Saturday, May 30, 2015

Austin Sky


                     
I wasn’t going to stay in Austin long.

More than enough memories here of a decades past, between childhood and growing up.
But my friends were out drinking at a roadhouse bar just north of the Austin City limits before the conference I’d flown out for.



“Do you have family here?” they asked at dinner at Opal Divine’s, over tortilla soup and Shiners.
“Not anymore,” I explained. “Buried dad last year. But my family’s been here for ages. Great Grand mom in Bastrop, lost to fires a few years ago.  I can get stuck here.  Find myself lost driving to Mexico with a six pack of beer." 

I was only going to stay for the conference. And then get back to beloved Brooklyn.

But then I looked at the sky.  The warm night, the trees, the breeze, and the summer heat, sitting out for hours, where I’d sat for thousands of nights.

On the way to the elevator, hadn’t thought of Dad and everyone else from here, from those years.
But then I looked at the sprawling, open hot Austin sky, where we’d all and had a feeling I’d been here before, driven, stopped, just been.

A trip down from Dallas in summer 1989, when I had no money, and everyone took care of me, telling me they did not care.   I was welcome.  They were glad I’d come.  We floated down the brazos, shared a shower, and talked all the way back to Dallas, feeling a part of everything, the sky, the road, the music, the ruins the ages.  We were part of everything. The sky was us and we it, created illusions, hallucinations, a mirage in the distance, oil disappearing in the distance, just as we get close to it.
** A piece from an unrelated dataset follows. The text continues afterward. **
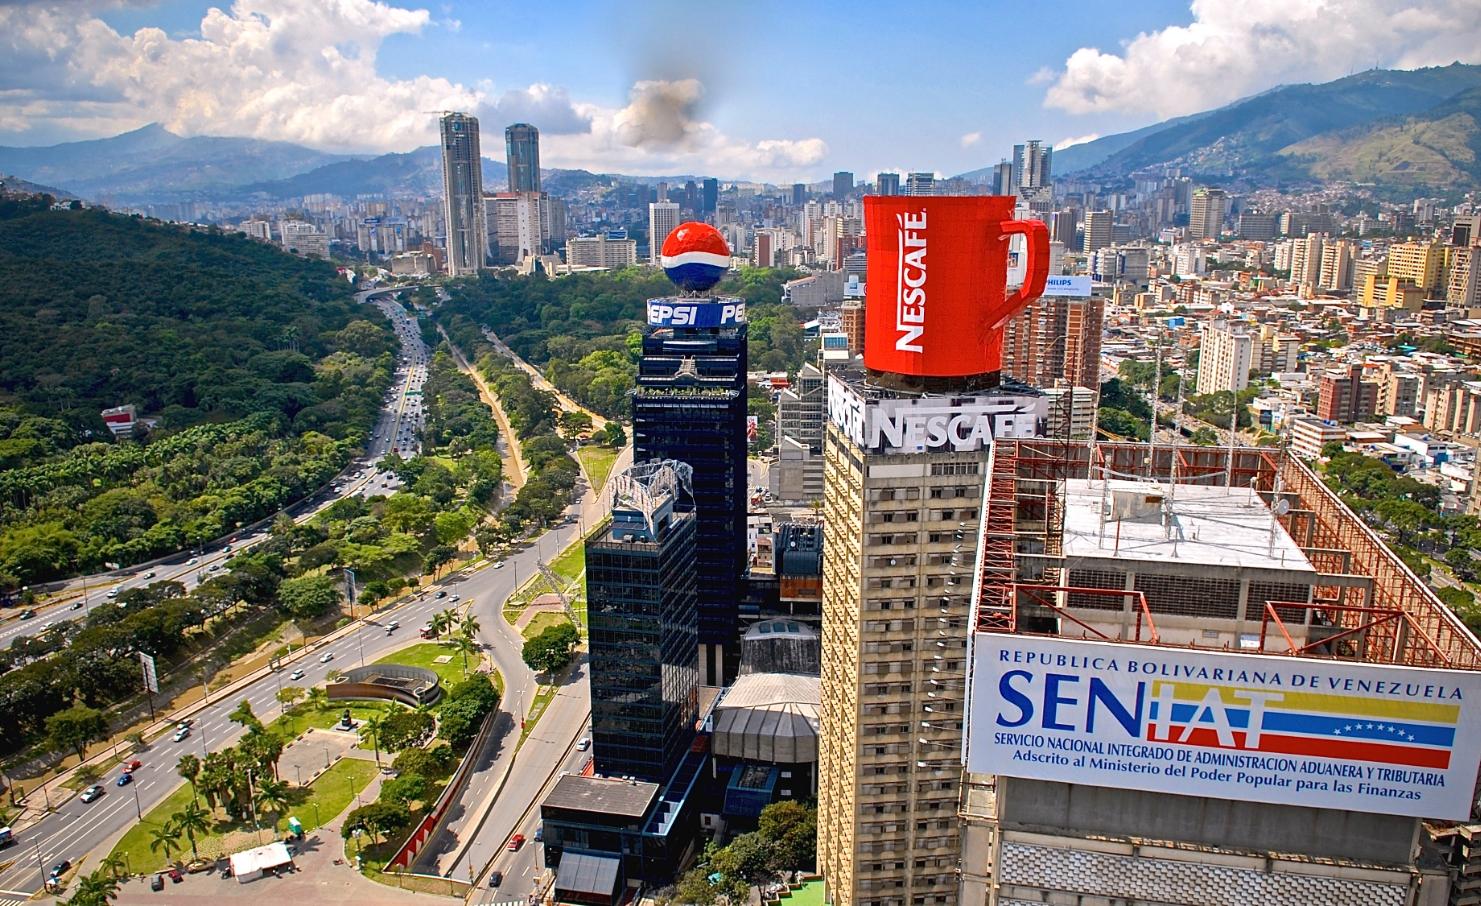 """Résultat de recherche d'images pour """"Venezuela, oil industries, pdvsa, Venezuela, oil, caracas city, 2016, 2017"""""""
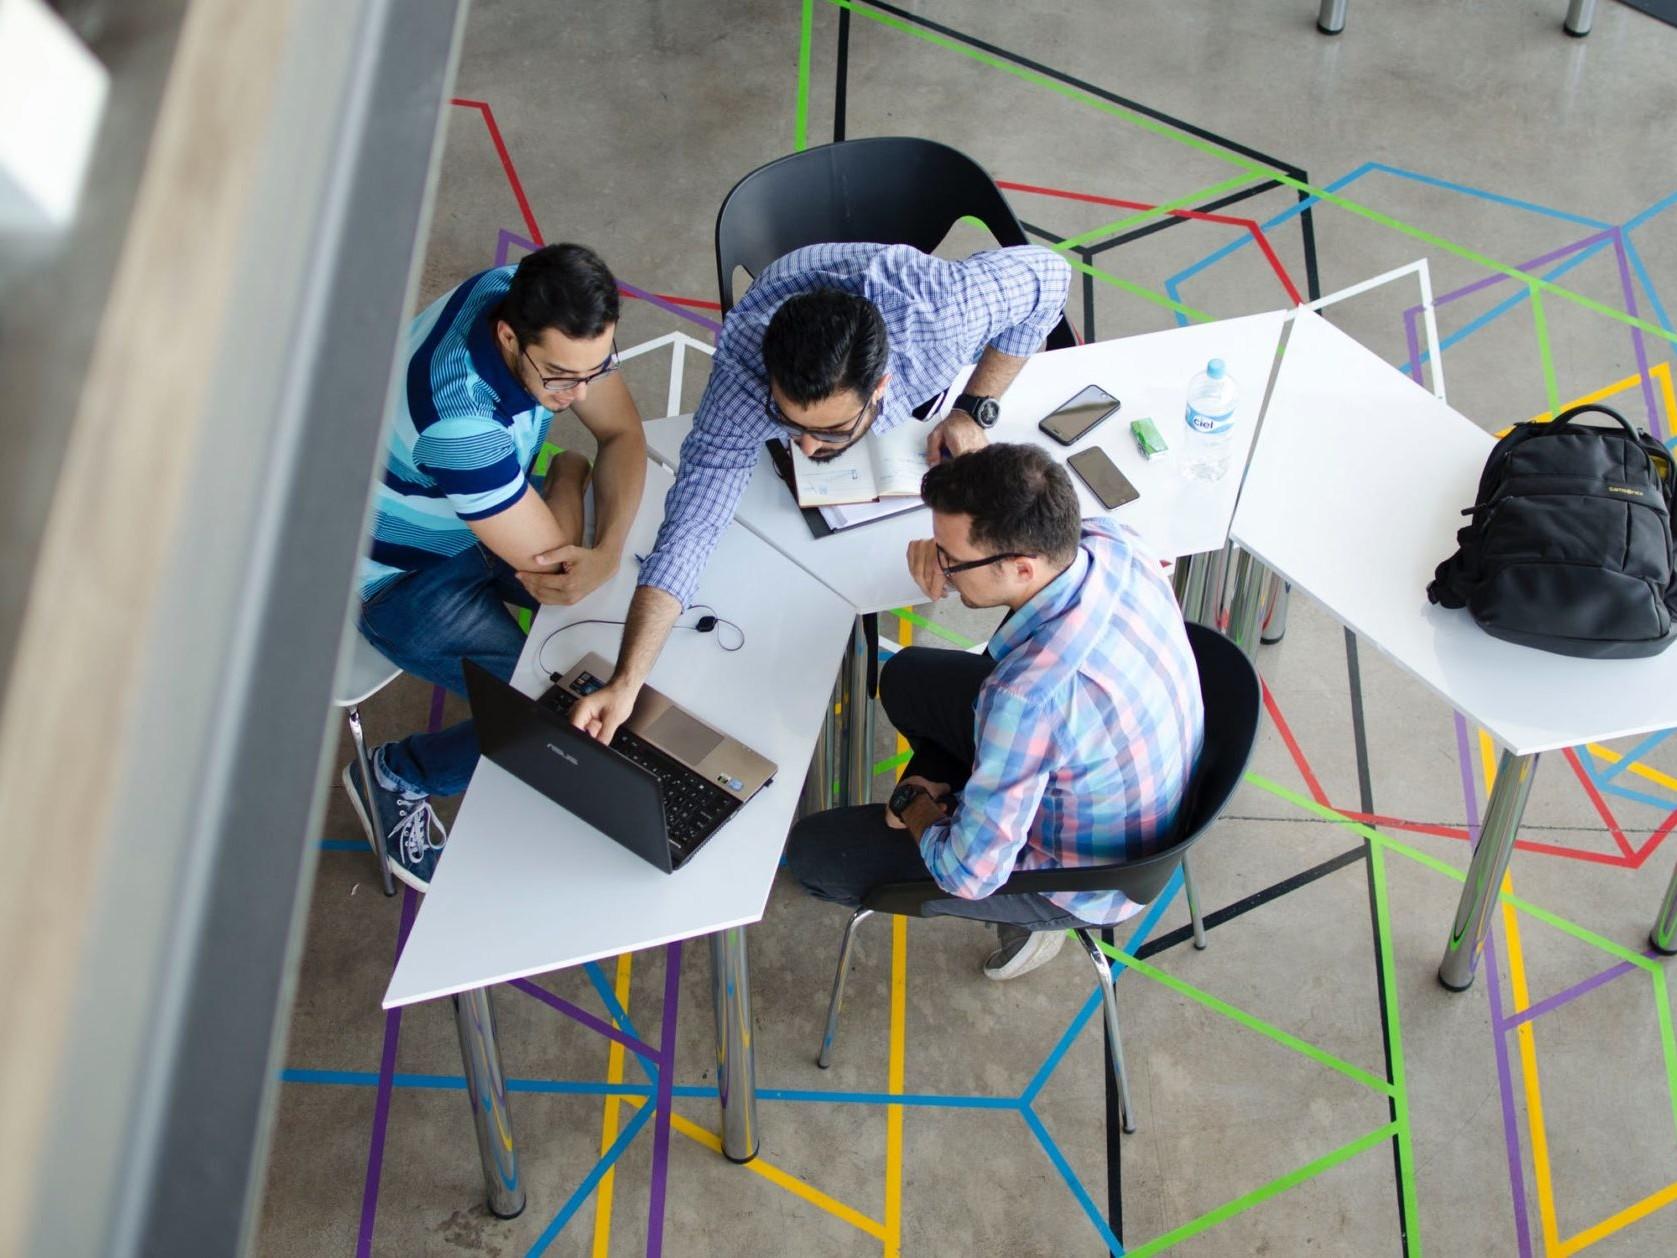 Eine Gruppe junger Männer sitzt am Tisch und berät am Laptop.

Now, I can never touch it.  But I’ve been chasing it.  And it keeps reminding me that it will never really go away. 

But for a moment, we were of it, it was of us, our colors shone and we reflected, in the Dallas skyline, talking and recalling and being.

Drove back and forth and back and forth, saying goodbye, back out west, to South by Southwest for Spring break, and back through the gulf coast, a dingy hotel in Nola, hot on the Mississippi Sound, and back up the Palisades.

And back and forth, one more trip back in 1991, to say dance, drink beer, share, and say goodbye before a trip to Italy, even if we didn’t want to remember how much had happened since that first trip in 1989, driving in the country and laughing and dancing through a thousand shows, still kids at the cusp of something between youth and adulthood, between the city and the country, whirling across the state, back and forth to South by Southwest, shows in Ft Worth, back to Austin summers.   And then it was over, a chapter was closing, that part of our life like a mirage, disappearing in the distance.

And then it was over, never to get back.

“Lets stay together” played on the tape machine as I looked at the Austin sky leaving the city in the distance, off to Italy, Germany, California, Los Angeles, Joshua Tree, San Francisco, and another other life, extending from Chicago back to Yonkers.  We were not staying together. 

“You’re childhood is over.  Your childhood is gone,” Robin Hitchock reminded me as I drove around San Francisco years later, going to see Johnny Cash at the Great American music hall, finding another city, another life, seeing Robin play, dancing to hip hop, while Don Cherry played, merging jazz and world beats, to a different chapter of what would be, away from that Austin sky. I never really wanted to go back.

Dad wasn’ t there to visit me this time in Austin. Last summer his ashes found their way back into the forests here, through the Bayou, outside of preservation hall, and a taco stand outside of Houston, escaping the highway off road forever.  Not here to meet me at the conference to meet up for a drive to and from, New Orleans, or Mexico, or San Antonio, or Dallas, or Castroville, as we’d done so many thousands of times before.  Only notes I found in the back of an old book I carried  from an old conversation on the way to New Orleans about Matthew, the book of luke, beatitudes in  healthier days, now long past, rarely to return.  After that, on every trip he got weaker until he could not leave the house.   This time, he was with me on the road, in  the Austin sky.

When I look at it, it reminds me my life has held many things, many gifts, many friends, and my family, a great grandmother who lived 99 years, originating from here, bearing her three sons, and then my life, and those wandering adventures that are gone, disappearing memories, mirages, appearing and reappearing in the distance on the hot Texas road.


I wasn’t going to stay for long. Too many memories here, in the Texas sky.